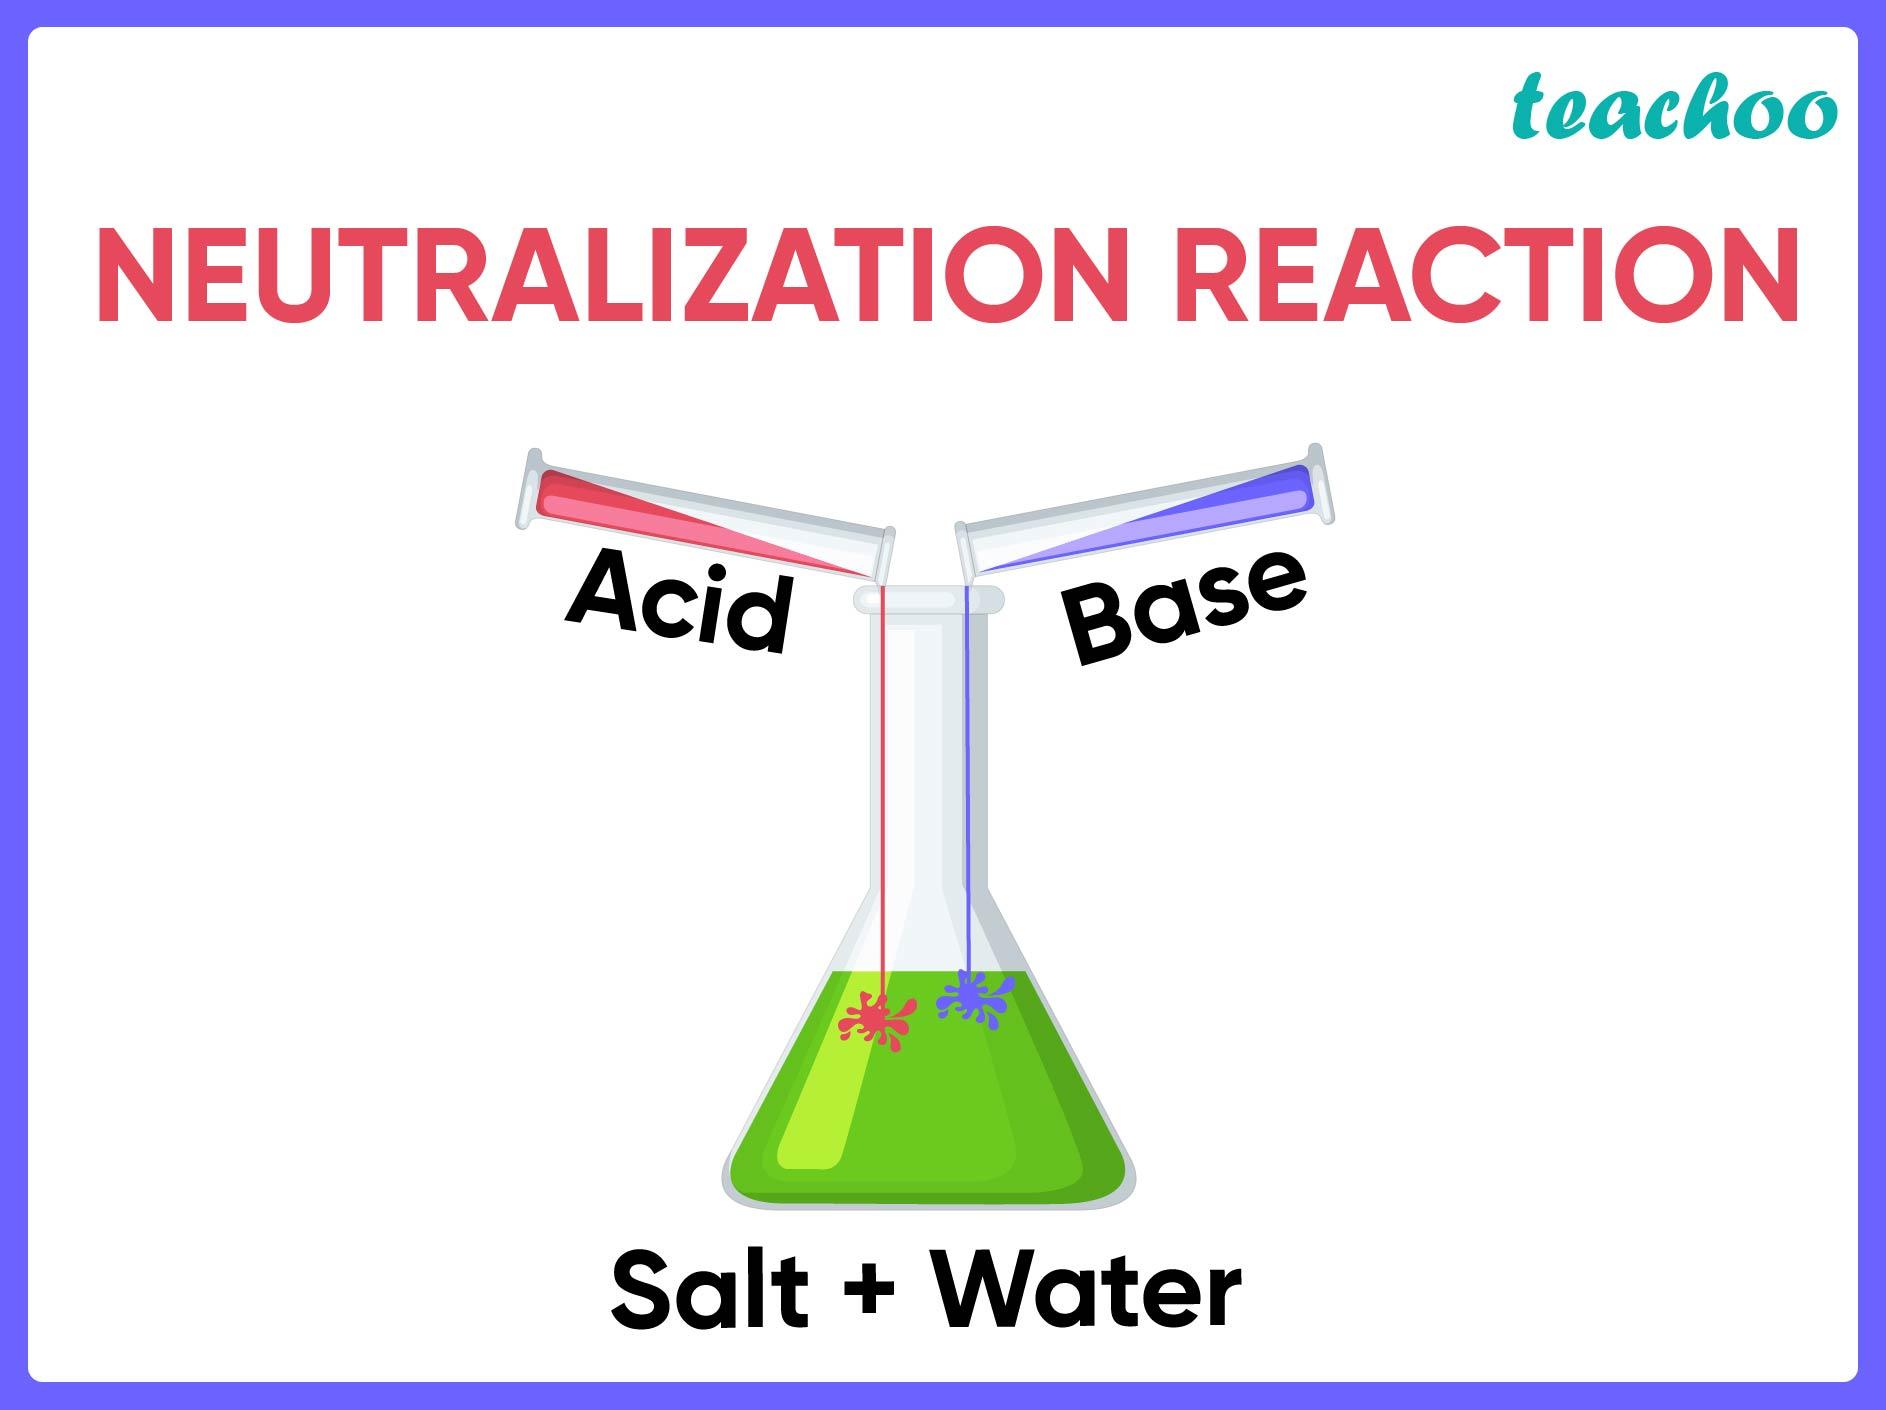 Neutralization reaction.jpg
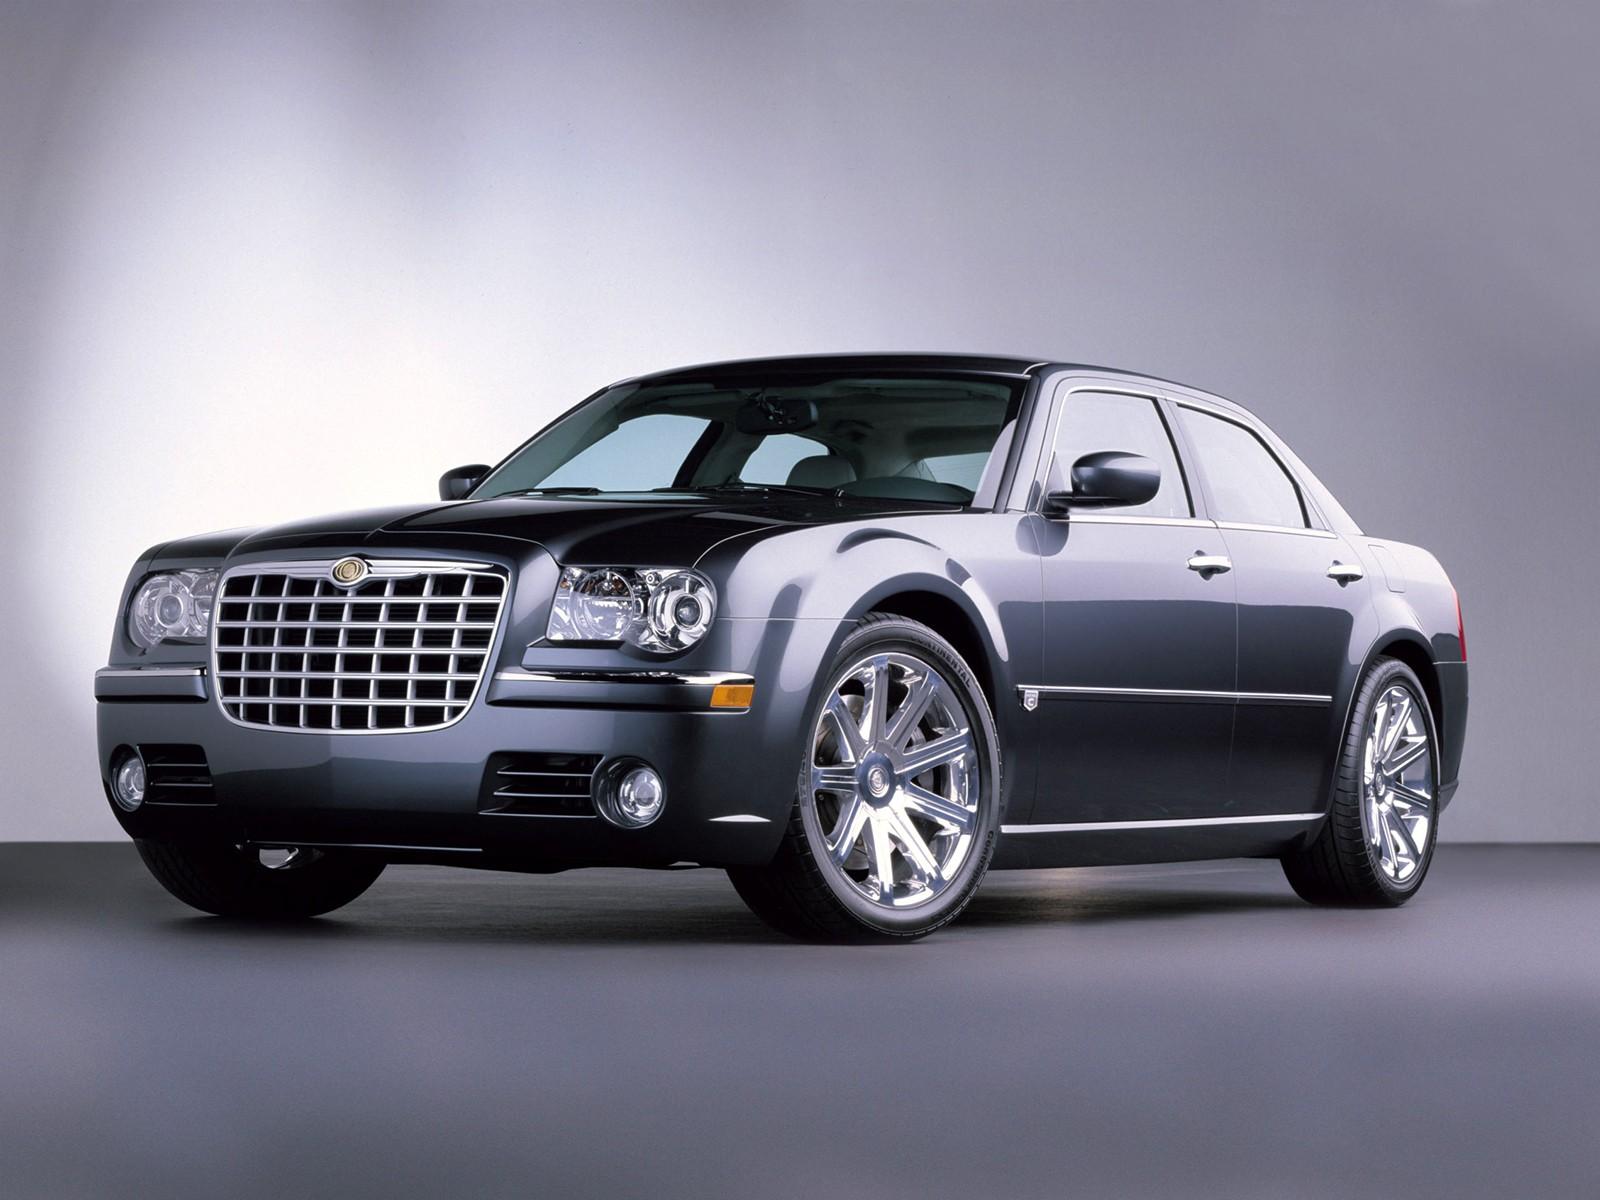 Premier Tuning Chrysler Voyager 300cc
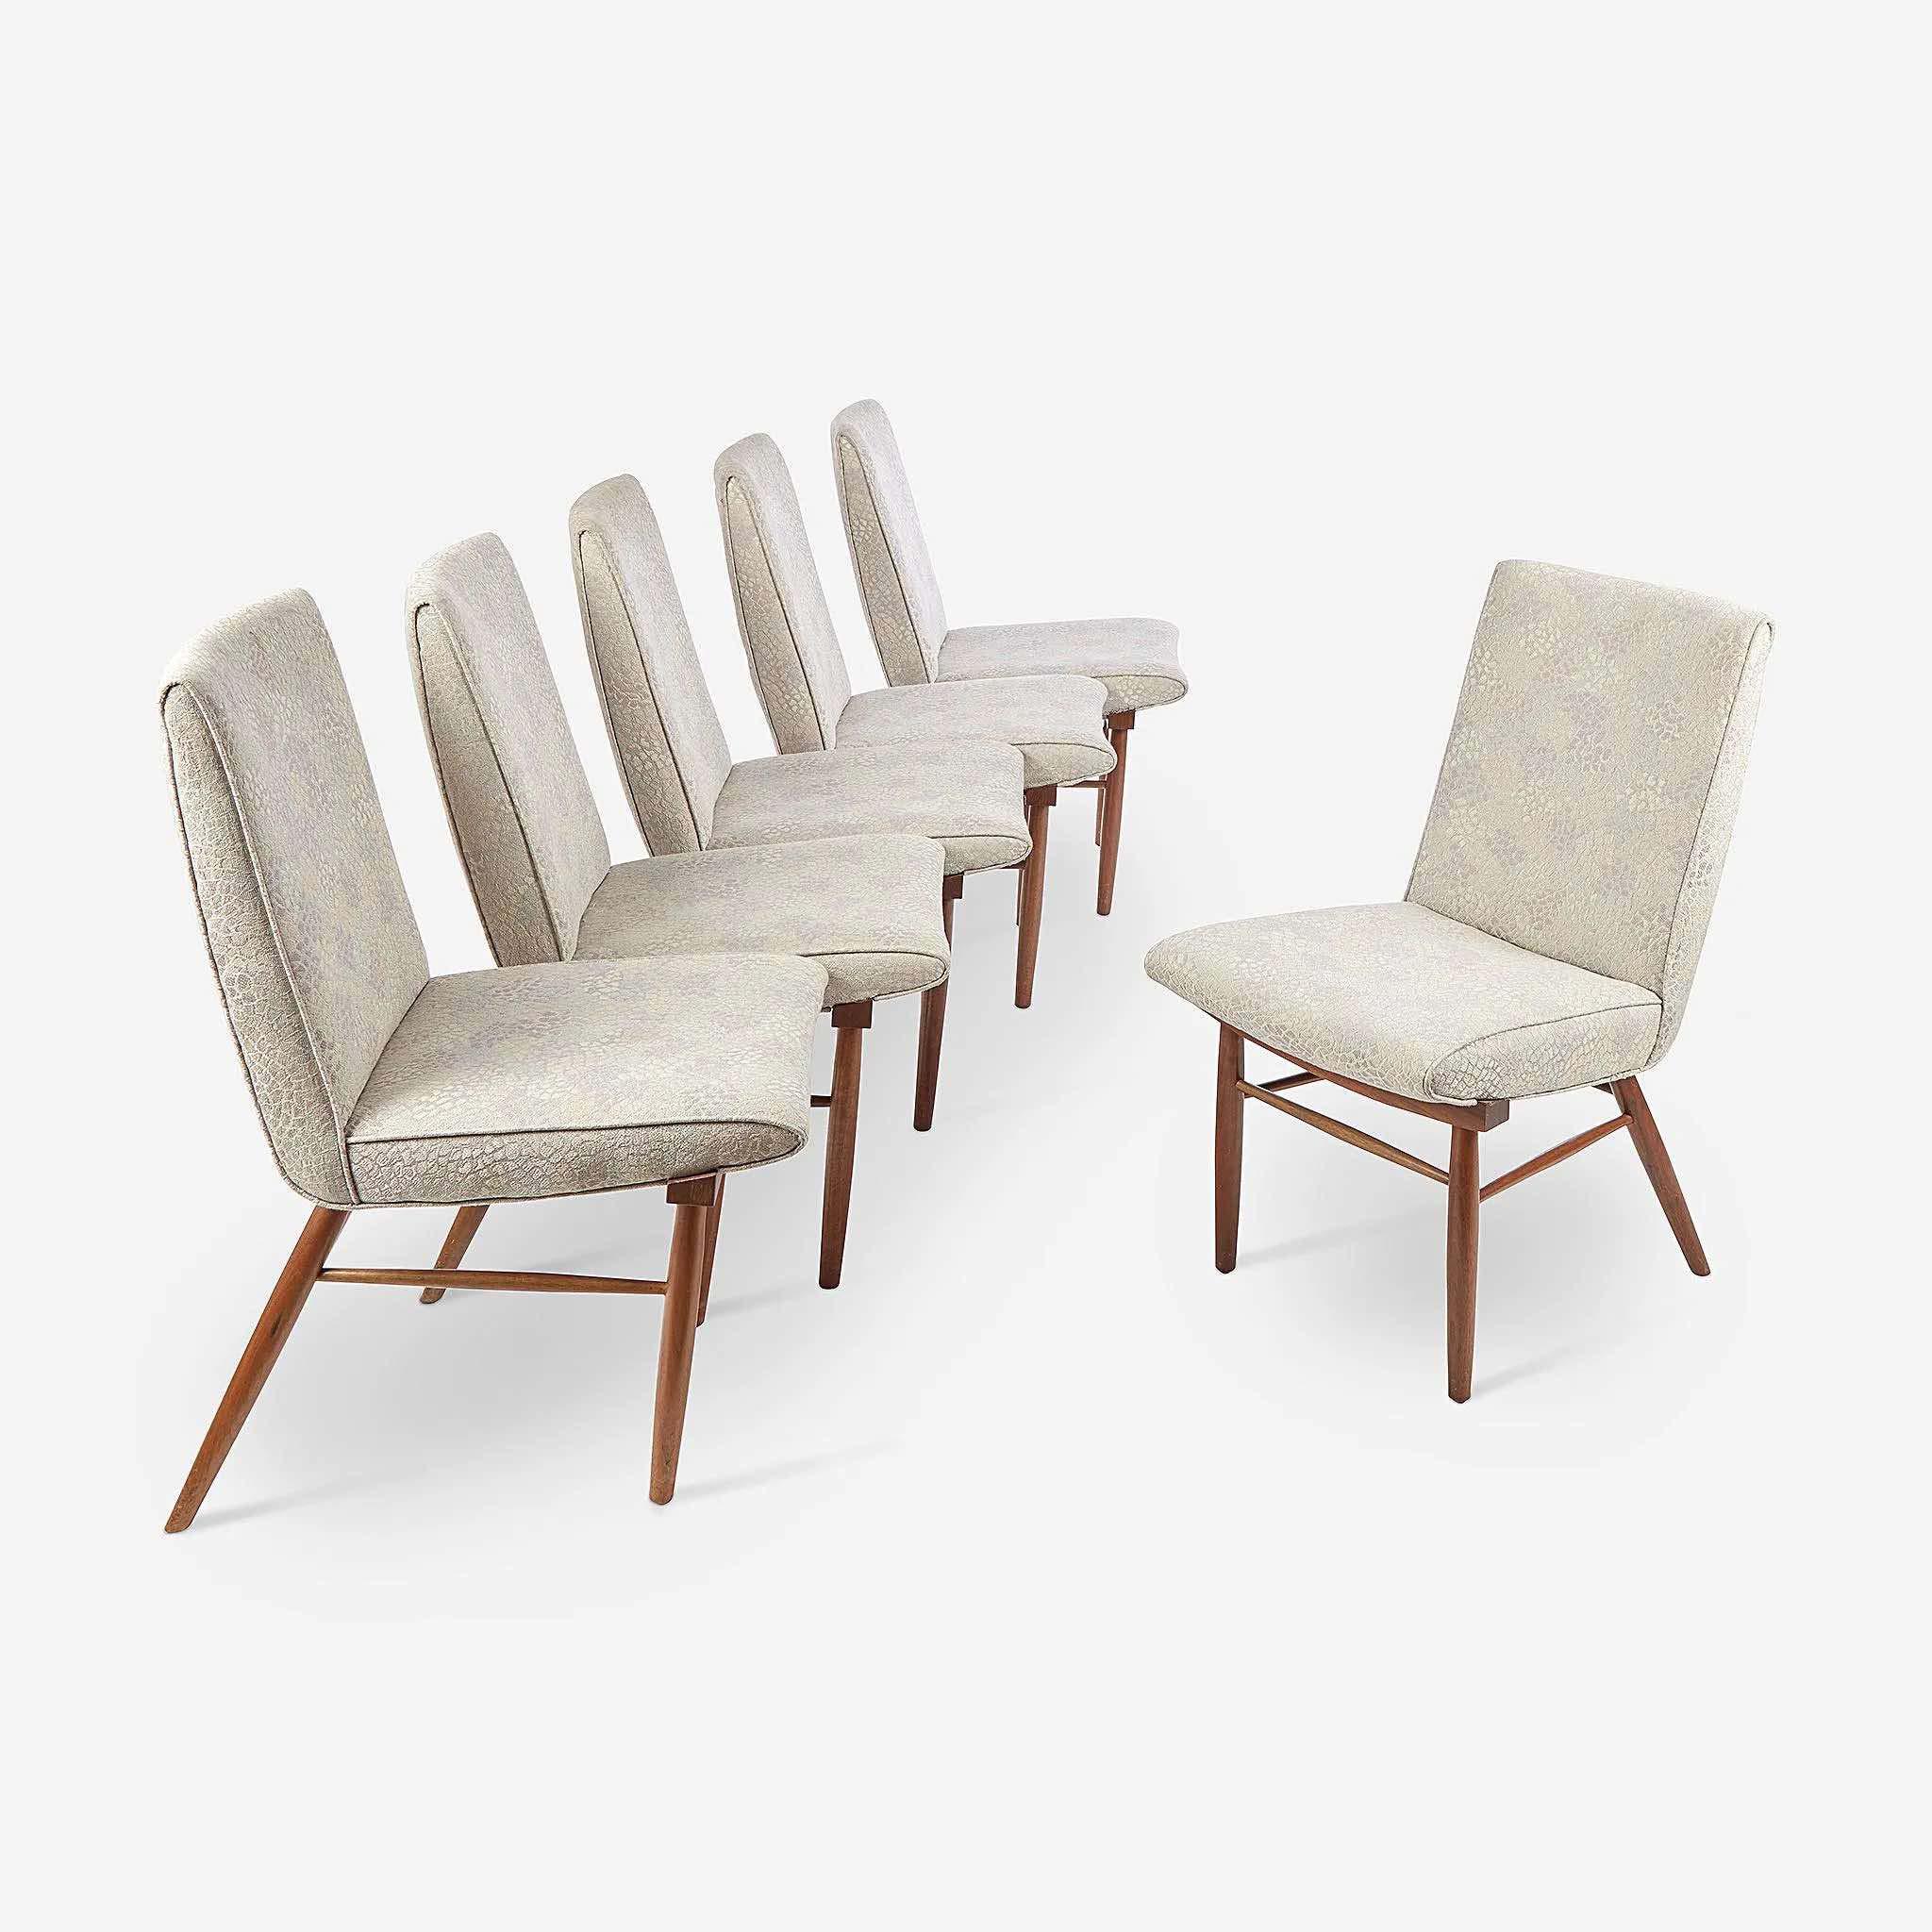 George Nakashima (American, 1905-1990), set of six 'Origins' side chairs, 1960s, $17,000 plus buyer's premium. Image courtesy Freeman's
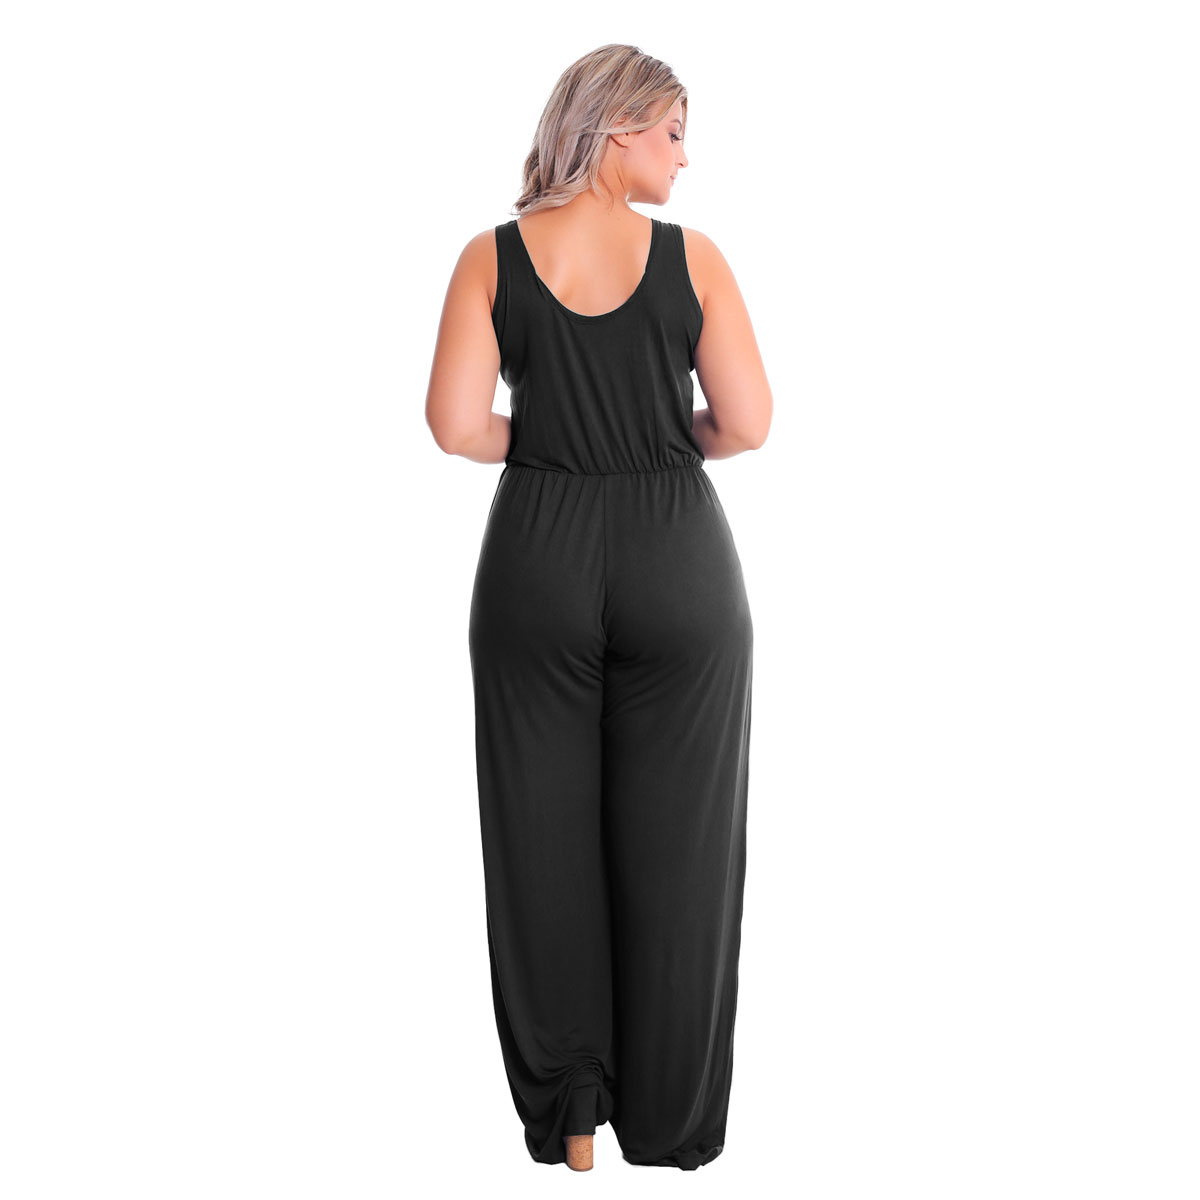 Macacão Longo Decote V Pantalona Plus Size Lynnce

▶ **EXERCISE AIM**
Leave out the pictures and retype every line above exactly.

▶ **RESPONSE TO THIS EXERCISE**
 Neutralization reaction.jpg
 Premier Tuning Chrysler Voyager 300cc
 George Nakashima (American, 1905-1990), set of six 'Origins' side chairs, 1960s, $17,000 plus buyer's premium. Image courtesy Freeman's
 Macacão Longo Decote V Pantalona Plus Size Lynnce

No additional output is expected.